Saúl García

Personal information
- Full name: Saúl García Ávila
- Date of birth: 7 June 1986 (age 38)
- Place of birth: León, Mexico
- Height: 1.77 m (5 ft 10 in)
- Position(s): Winger

Youth career
- Guadalajara

Senior career*
- Years: Team / Apps / (Gls)
- 2005–2008: Guadalajara / 0 / (0)
- 2006–2007: → Real Colima (loan) / 1 / (0)
- 2007–2008: → Tijuana (loan) / 16 / (0)
- 2008: León / 22 / (2)
- 2009: Potros Neza / 14 / (2)
- 2009–2010: Atlante / 17 / (0)
- 2011: La Piedad / 11 / (0)
- 2011: Merida / 7 / (0)

= Saúl García (footballer, born 1986) =

Mexican footballer

Saúl García Ávila (born 7 June 1986) is a Mexican former footballer, who last played as a winger for Mexican side Mérida in the Primera División.

==Club career==
García started his career in the Chivas de Guadalajara youth systems.
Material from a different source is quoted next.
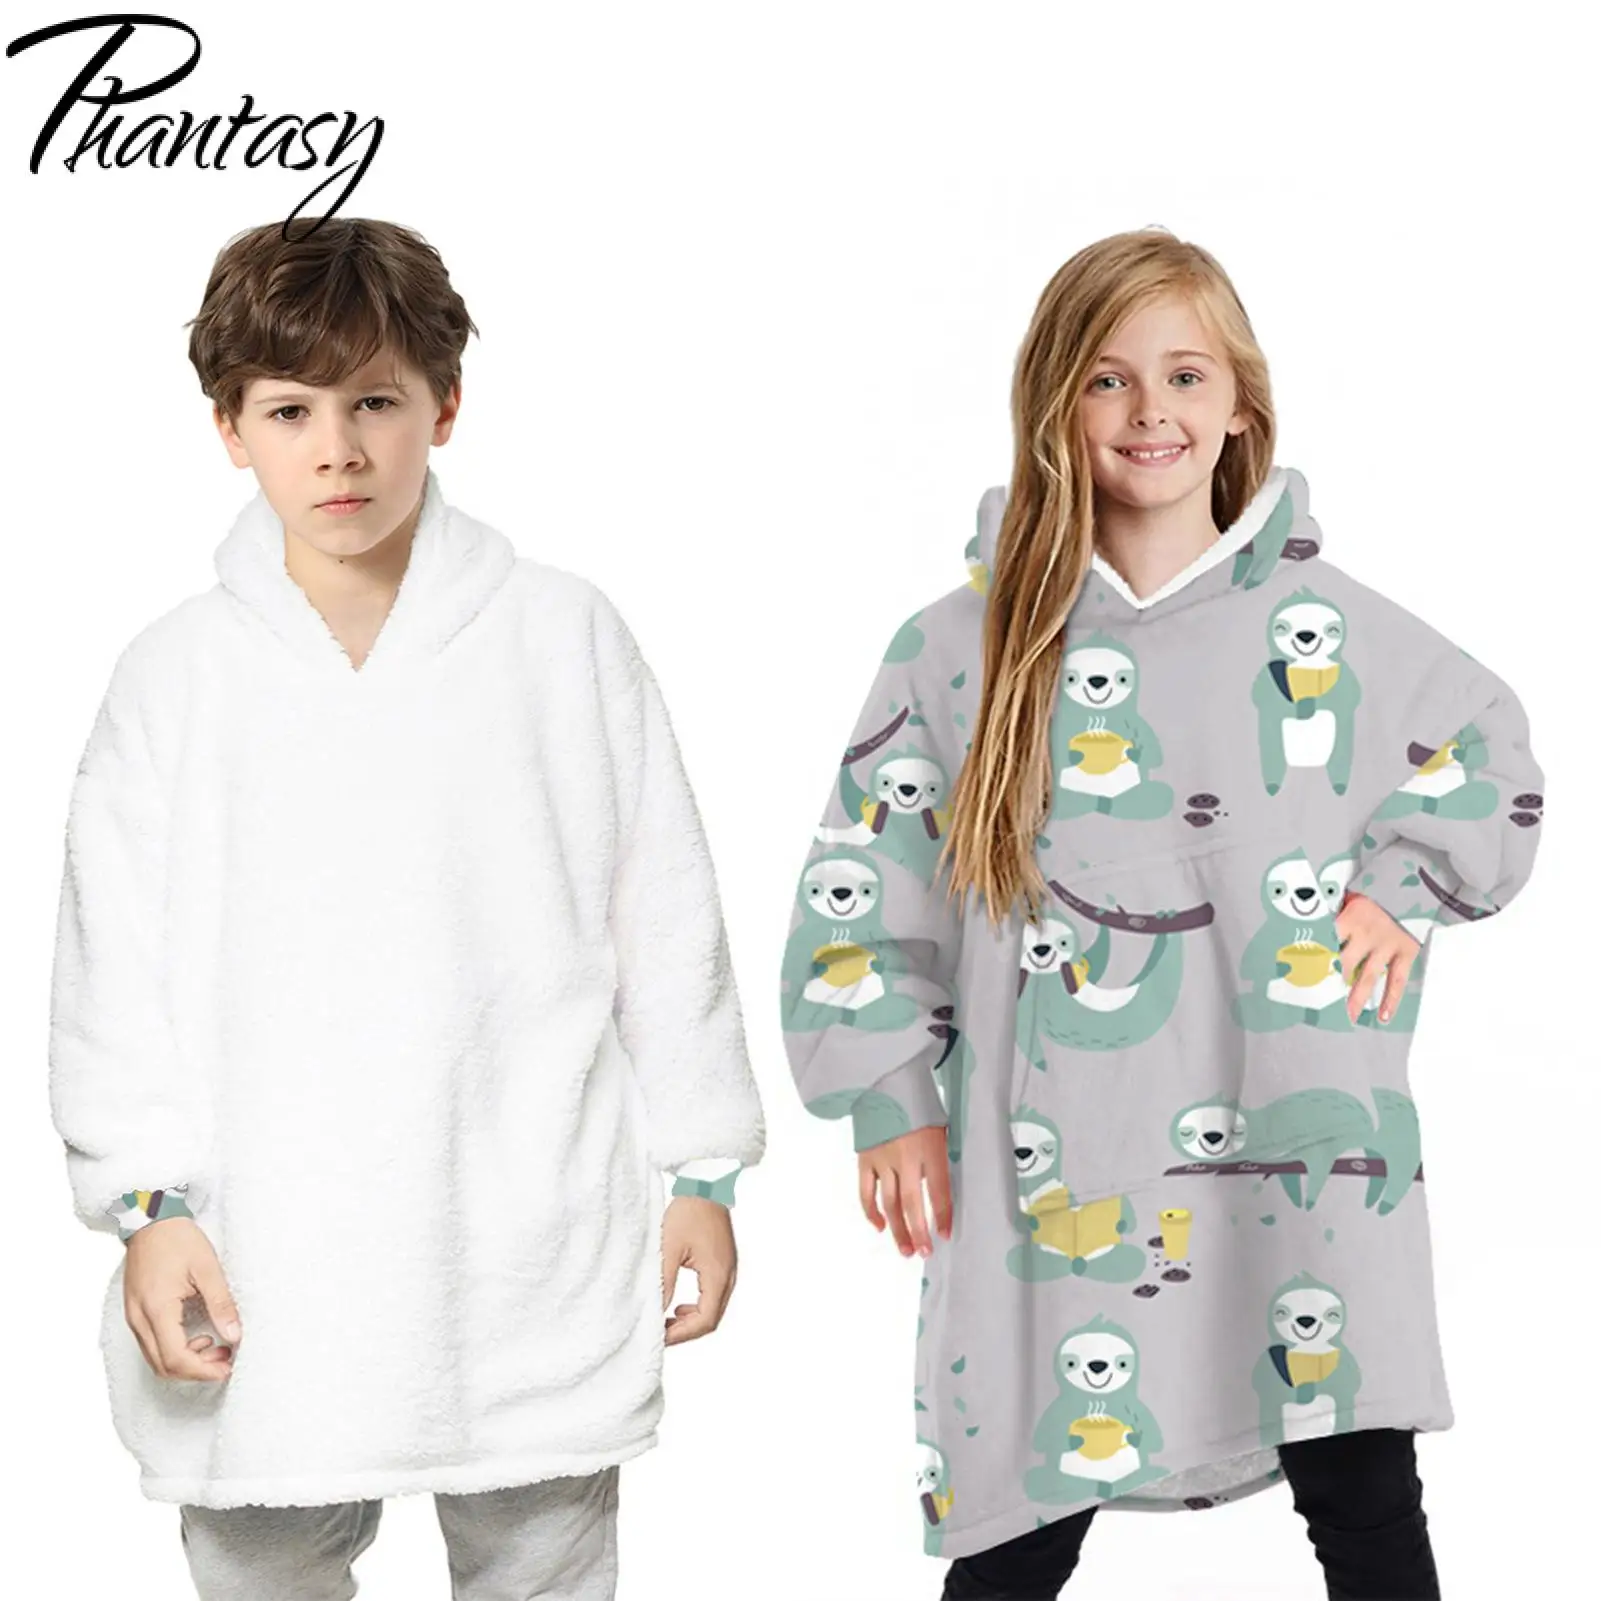 Phantasy Inverno Avisar Cobertor Pijama Infantil dos desenhos animados de Impressão Casacos de Moletom Ano Novo com Capuz Outwear Pulôver de Meninos Meninas rapazes raparigas
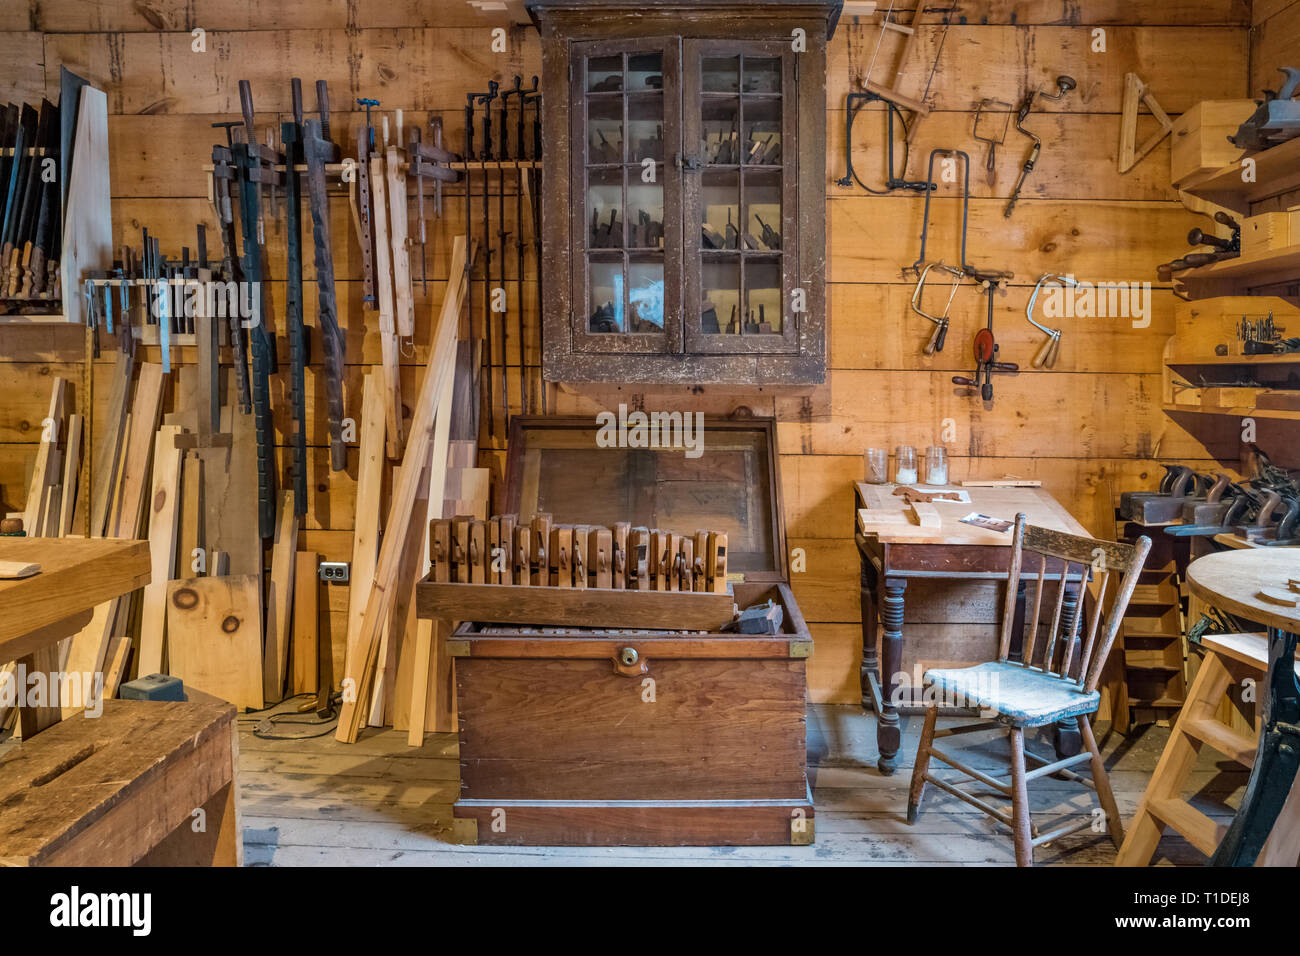 Outils de charpentier dans une période atelier de menuiserie Westfield Heritage Village près de Hamilton, Ontario, Canada Banque D'Images

After playing for Chivas' Primera Division A teams for two seasons, he was traded to Pegaso Real Colima, the former filial team for Atlante, where he made it to the semifinal in the Clausura 2007 tournament. After playing two seasons for Club Tijuana, he rejoined Atlante's system by signing with their new filial, Potros Chetumal.

He made his professional debut on April 26, 2009, during a 1–0 loss to CF Monterrey. He started the game and played 67 minutes.